Designs for fault-tolerant DKG initialization

Question

Designs for fault-tolerant DKG initialization

Opened this issue 4 months ago · 13 comments

cygnusv commented 4 months ago

Idea 1: Optimistic Aggregation

Transcript phase

Transcript phase is the same, but with some additional buffer B of nodes also participating. This means that transcripts will be of size N + B participants.
Transcript phase ends when either:
- N+B transcripts are received,
- or, at least N + b transcripts are received within some transcript_window, where b is a protocol parameter and 1 <= b <= B.
Only nodes that submitted transcripts in this phase will continue to participate.

Aggregation phase

Every i-th participating node verifies the received transcripts, and produces a local set I_i of invalid transcripts. Note that all honest nodes should have the same value for I_i.
Any participant can act as a "proposer" and produce an aggregate transcript according to their I_i, so the aggregated transcript will only include N valid transcripts. Note that as a requisite of a successful transcript phase, there are between N+b and N+B valid transcripts available. There's no need for consensus on what N-size subset of the set of valid transcripts are used, as long as they're valid. The proposer submits the aggregate transcript (with an indication of what transcripts were included), and the set I_i.
Aggregation phase ends when an aggregate is submitted or when the ritual times out.

Challenge phase

In the optimistic case, the aggregate will be correct and there are no more protocol actions. We can include an optimistic_window of time here to leave room to challenging. After this window, ritual is considered successful.
In the pessimistic case, the aggregate is invalid and at least 1/2 of the original transcript proposers will flag it on-chain as invalid within the optimistic_window, in which case there's evidence to slash the aggregate proposer. The ritual is considered failed.

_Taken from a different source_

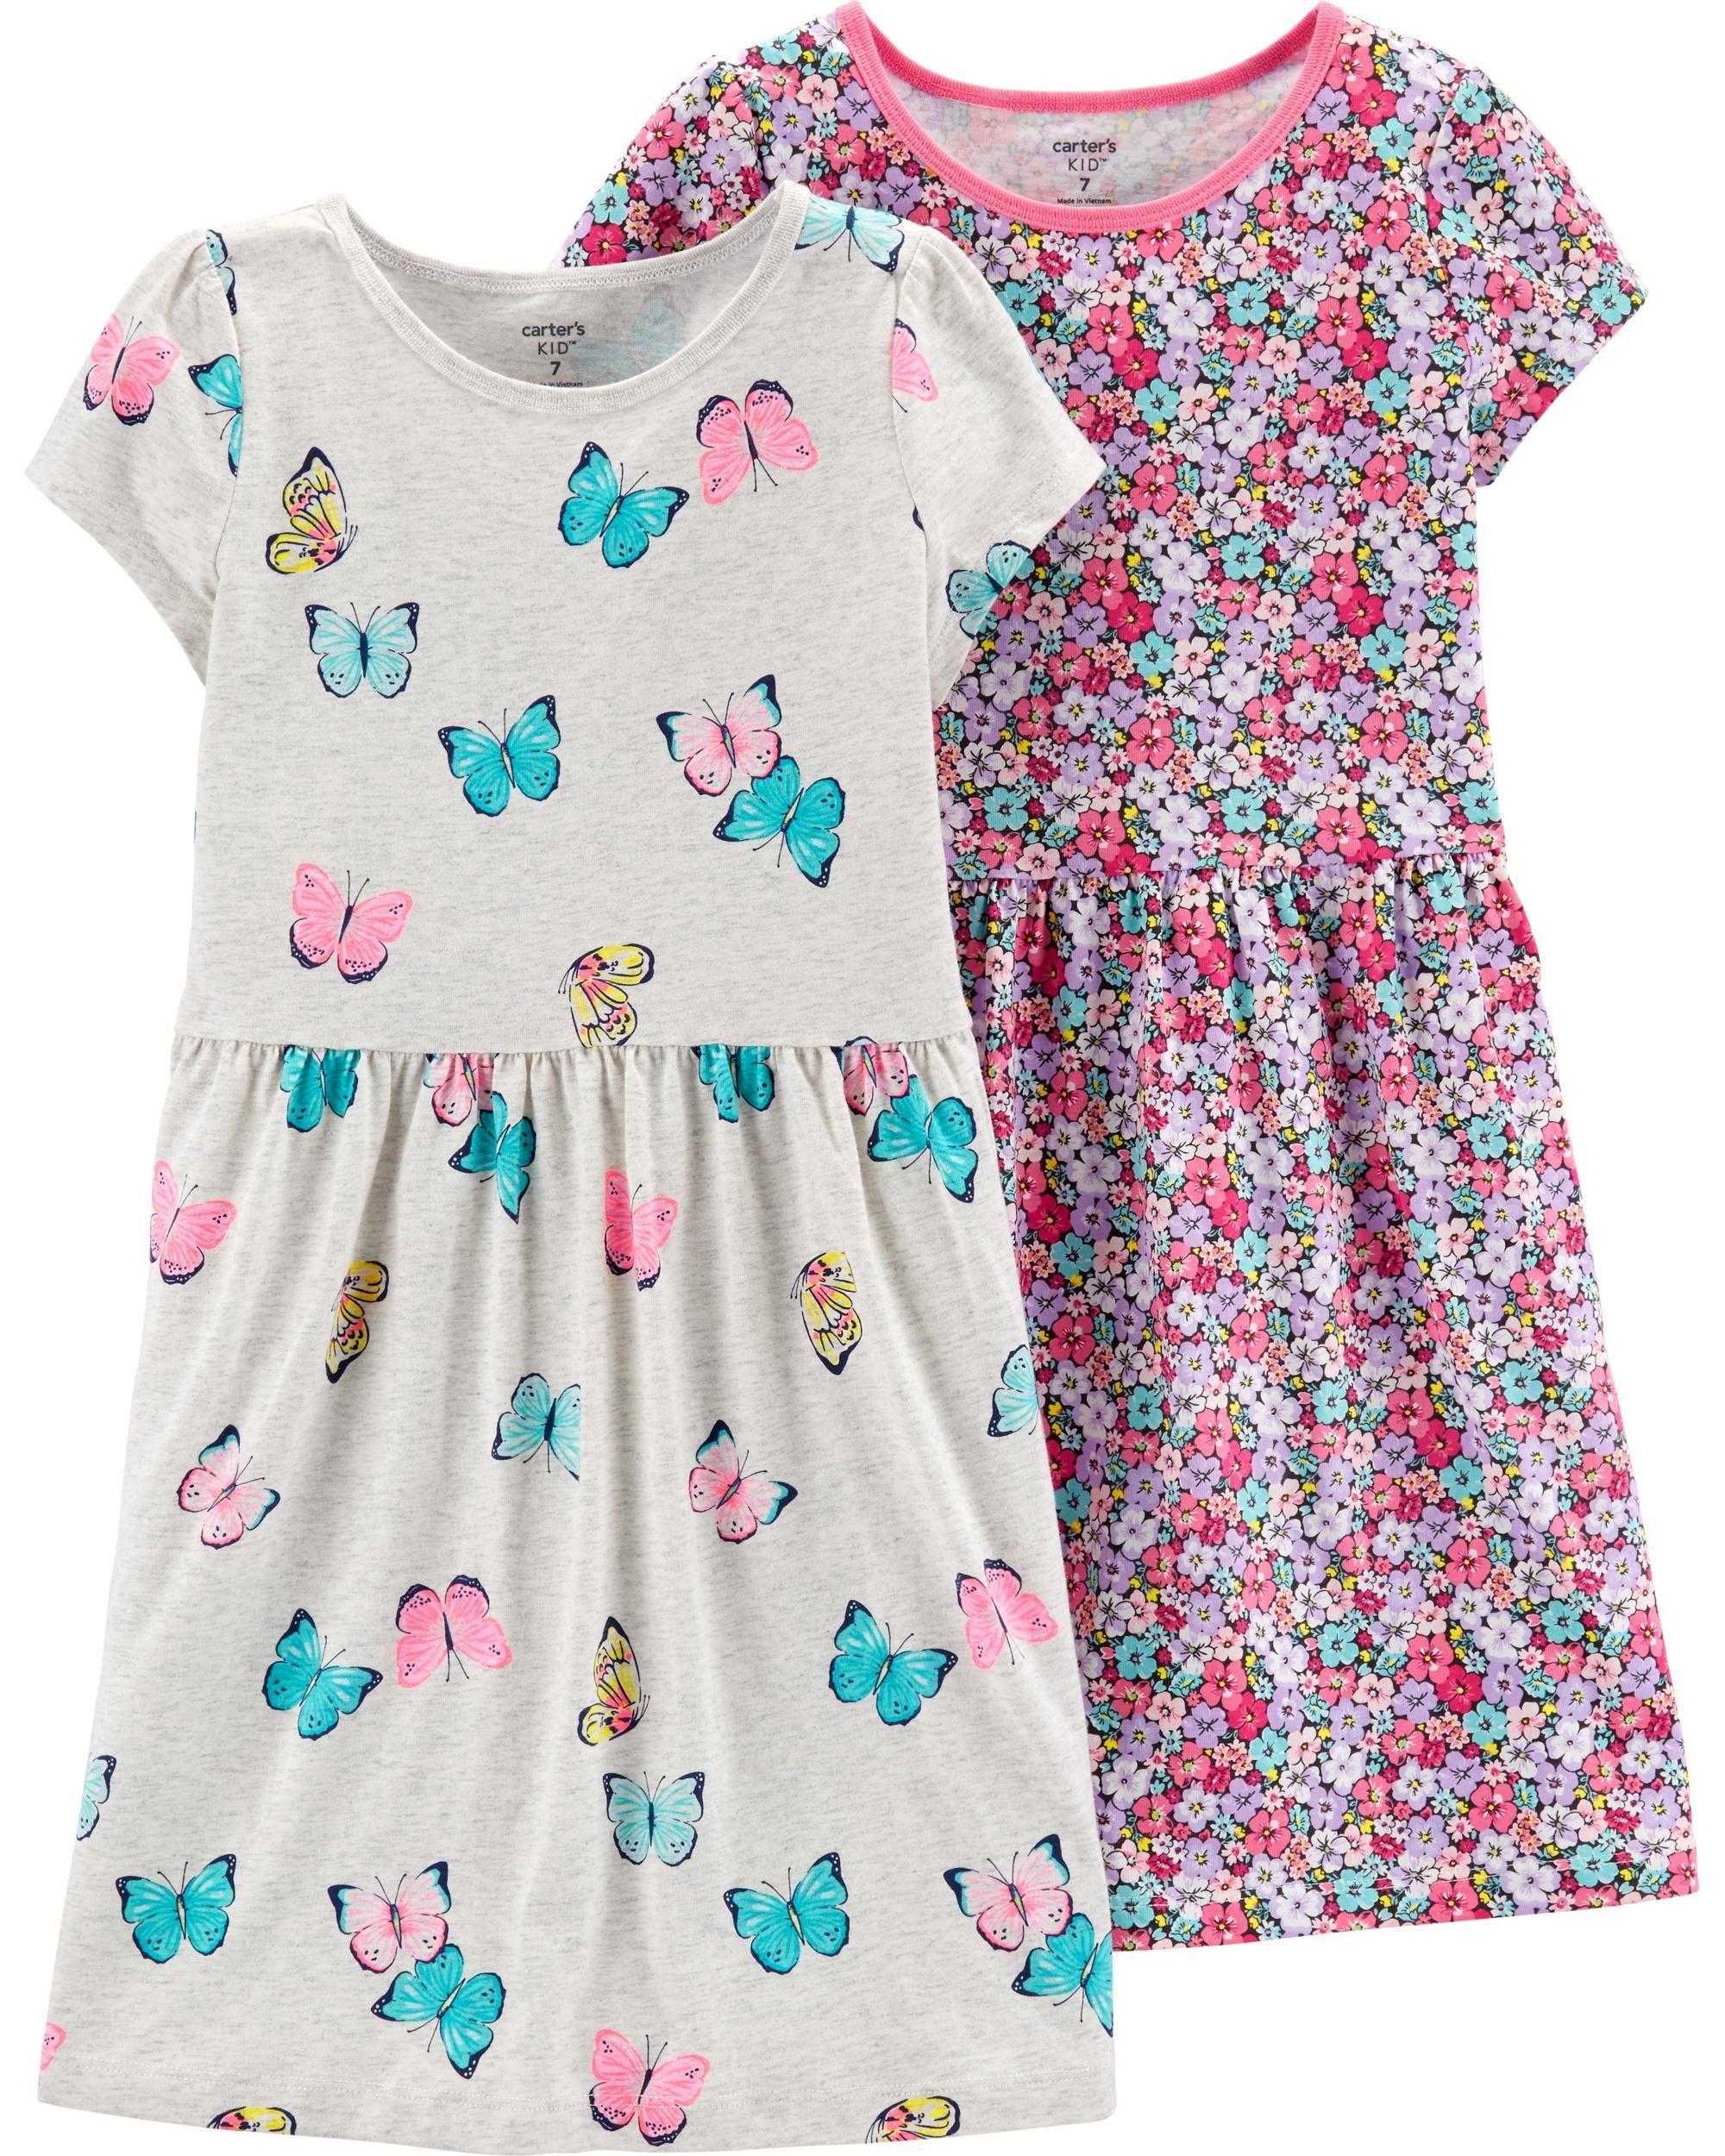 473016b96ba6 2-Pack Jersey Dress Set | Carters.com Dresses Kids Girl, Toddler Girl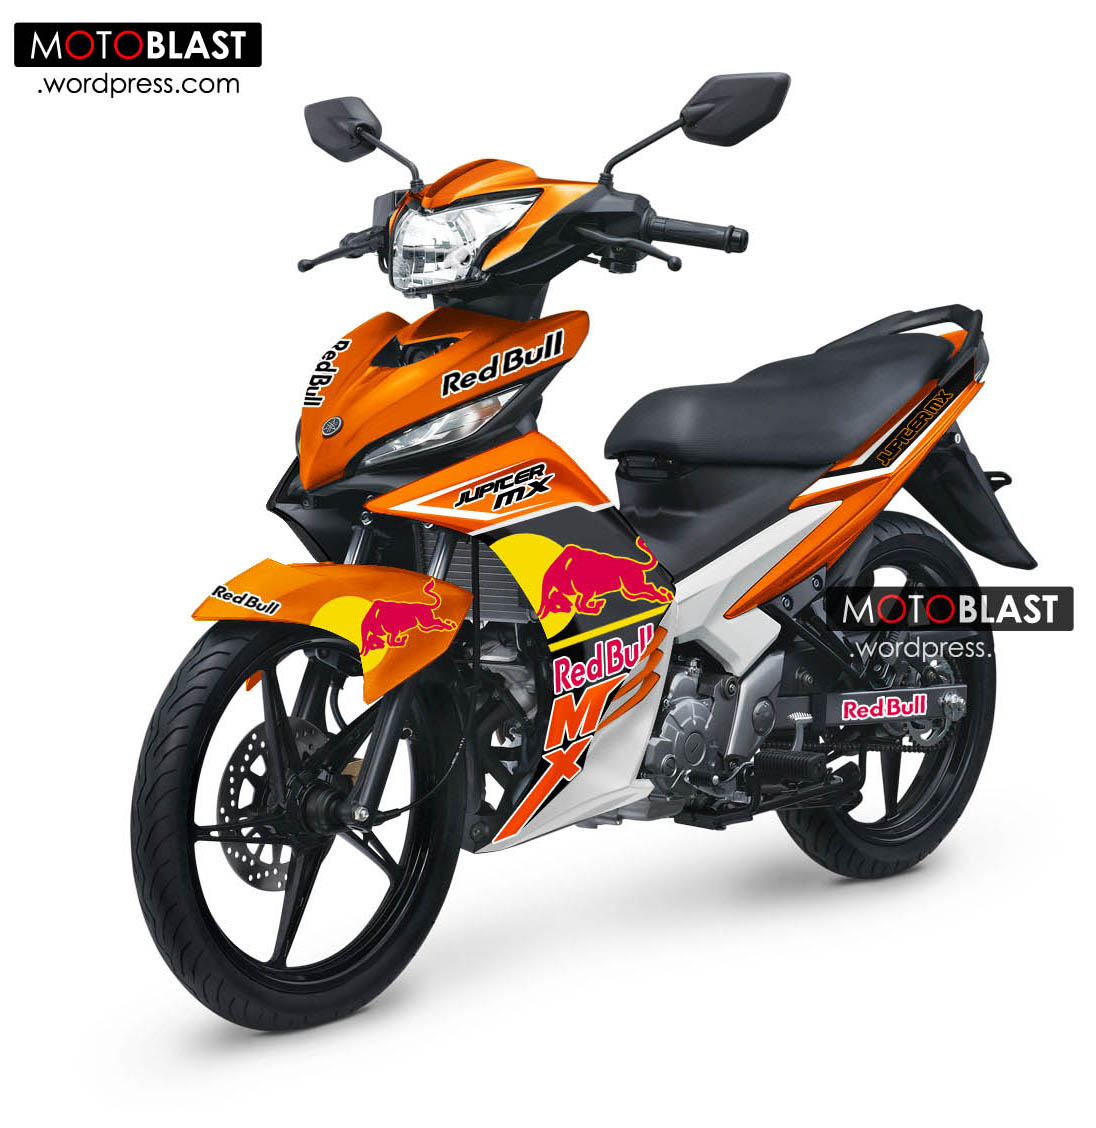 Tampilan Striping MotoGP 2014: New Vixion, Jupiter MX dan ...

Answer 1 · 2024-01-31T15:01:32.000Z

Idea 2: Time-based submission queue

Flow

Every validator in the ritual cohort may put their transcript onchain, with a minimum of shares_num and a maximum of validators_num transcripts.
The next stage is started after the minimum number of transcripts shares_num is reached. If shares_num is not reached within some time window, the ritual times out.
Validators are assigned tr_idx based on their transcripts submission order. Every validator has time until the stage_start + tr_idx + time_slot_length block to submit a transcript aggregate[1]. If they run out of time, they can still submit their aggregate[2].
If at any point any validator disagrees with the posted transcript aggregate, they can post their version if they haven't done so yet. The disagreement is solved by super-majority voting [3]. The challenge period is cp_len = time_slot_length * validators.len() long and starts at stage_start

Discussion

Number of transactions total: validators.len() transcript submissions + [1, validators.len()] aggregate submissions. In the latter, validators.len() could be replaced with any number of votes it takes to achieve a super-majority. In the best case scenario, a disagreement between one node and the rest of the cohort can be solved by only two votes against that node (3 tx total).

For validators, not competing for the position of an eligible validator (i.e. not posting their transcript on time) would cause them to miss out on the DKG participation. To not post the transcript aggregate, still permits their participation in the ritual, but it puts their welfare at the mercy of other validators.

[1] Instead of posting transcript aggregate, we may also post sha256(tr_agg), or x last bytes of it. We don't need the exact aggregate onchain, as it can be reproduced from the transcripts.
[2] Adherence to "timeslots" is not a hard requirement - It's simply an optimization aimed at reducing the number of transactions made by validators.
[3] Validators who weren't selected (they didn't post their transcripts in time) can still participate in the transcript aggregate posting and voting.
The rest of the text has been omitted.